Don loved flying, taking aerial photographs for local customers and selling postcards of historical landmarks. He enjoyed farming and maintained a popular sweet-corn stand which is now operated by his son-in-law.
He continued playing trumpet, trombone, tuba and keyboard professionally in Western New York and Florida for many years, but always held fond memories of those glory days with the Salt City Five.
“Fortunately, Don was with the band when they were invited to play at President Dwight Eisenhower’s Inauguration Party on Jan. 18, 1953,” Koch recalled. “They remembered how Ethel Merman sat on the piano and belted out some of her favorites there.”

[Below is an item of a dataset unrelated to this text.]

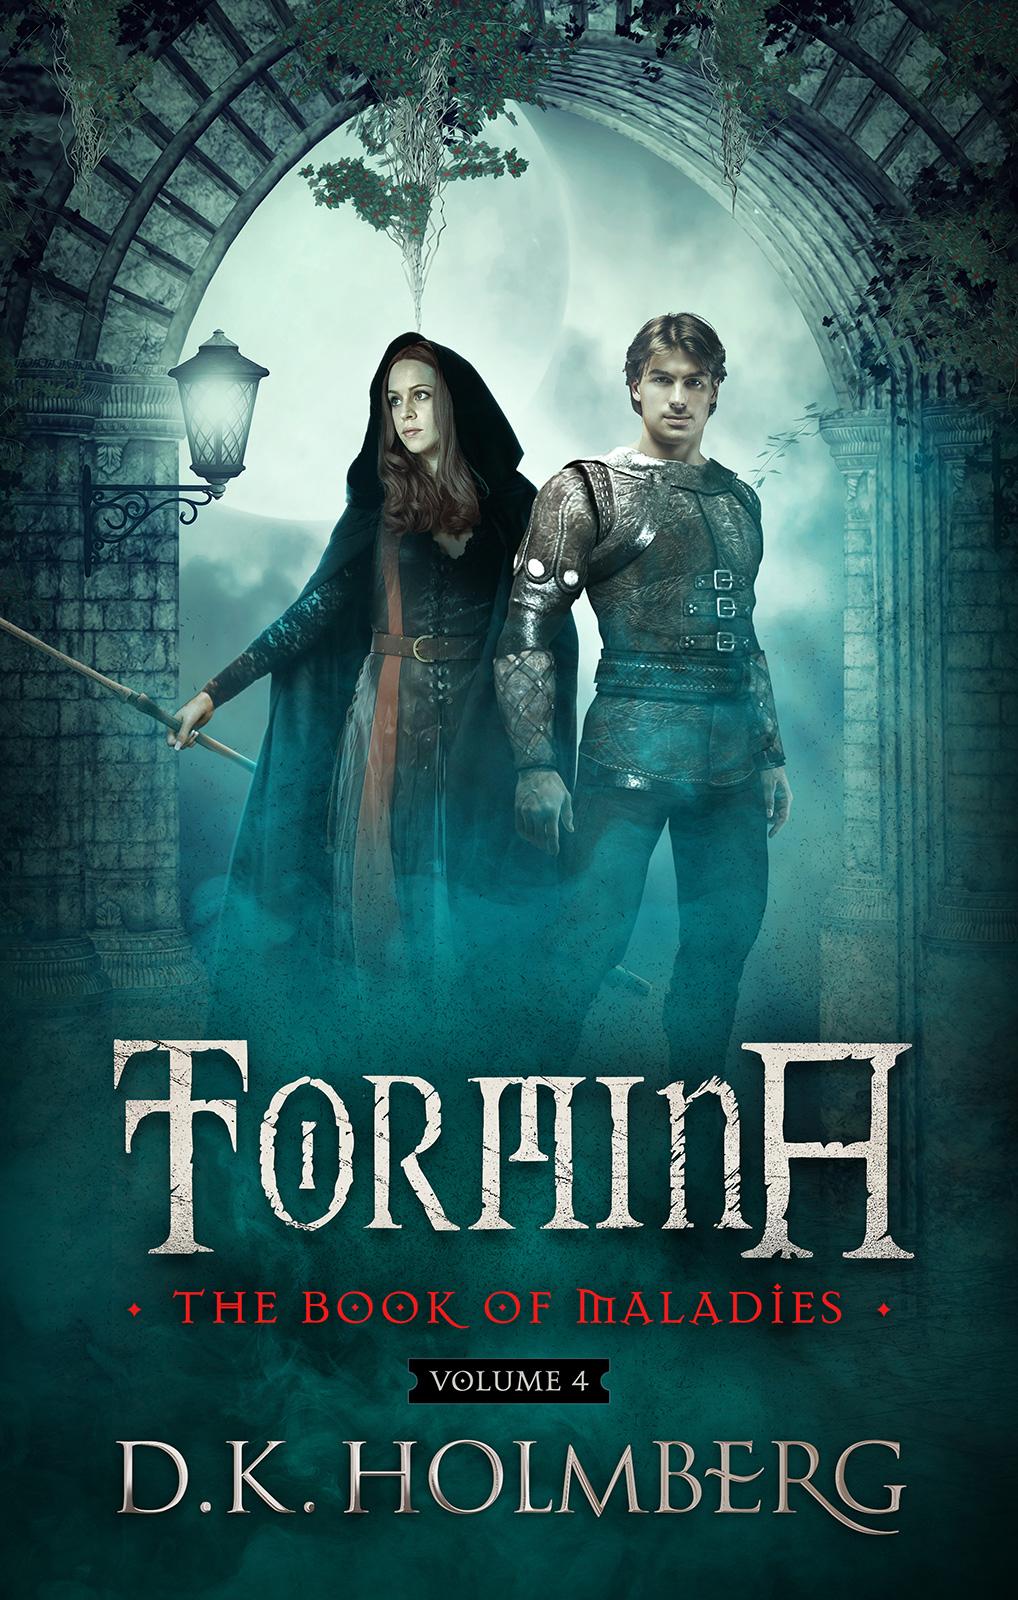 Tormina by DK Holmberg

During his tenure with the SC5, Hunt would play “Margie” on a regular basis when they were at Childs Paramount and for good reason because that was the name of his wonderful wife. They also played “Margie” on Arthur Godfrey and His Friends TV and radio programs after winning the Talent Scouts. “Margie must have enjoyed the long-distance serenade,” Koch said.
Don began trumpet lessons in the fifth grade at public school in Eden. In the early 1940s, Don’s father picked up a used trumpet at a Buffalo hock shop for $22, and years later while at SU Don obtained an Olds Recording Model trumpet which his family still owns. At one point he owned a mellophone, a valve trombone, a slide trombone and a couple of tubas.
“They were all wonderful instruments for an ‘ear player’ to improvise on with small combos,” Don remembered. “Unfortunately, several years ago, a neurological ailment known as embouchure dystonia attacked and away went my chops.”
Although he could no longer play his beloved brass instruments, Hunt continued to appear at JASS jam sessions sometimes blowing a contraption he called the “Kazoozaphone” but more often performing the old tunes on his newfangled Roland keyboard synthesizer which replicated nearly 200 different instruments. The synthesizer enabled him to become a one-man band with a lead instrument, accompaniments, bass and drums. He could play in any tempo, any key, creating the sounds of a complete combo, big band or symphonic orchestra playing in all styles, Dixieland, rock, Latin, double-time, waltzes, country and polka.
“I never get tired of playing it,” Don said. “It’s an improviser’s dream!”
According to Koch, Don Hunt had that rarest of musical talents – absolute pitch. Widely referred to as perfect pitch, absolute pitch is characterized by a person’s ability to identify or re-create a given musical note without the benefit of a reference tone.
Don is survived by his devoted wife, Marjorie Hunt.
Friends and family gathered for a memorial service on Aug. 25, at the Wolcott Presbyterian Church. Don’s grandchildren were scheduled to perform a few tunes as were Soda Ash Six bandleader Dick Sheridan and Ithaca trumpeters Johnny Russo and Woody Peters.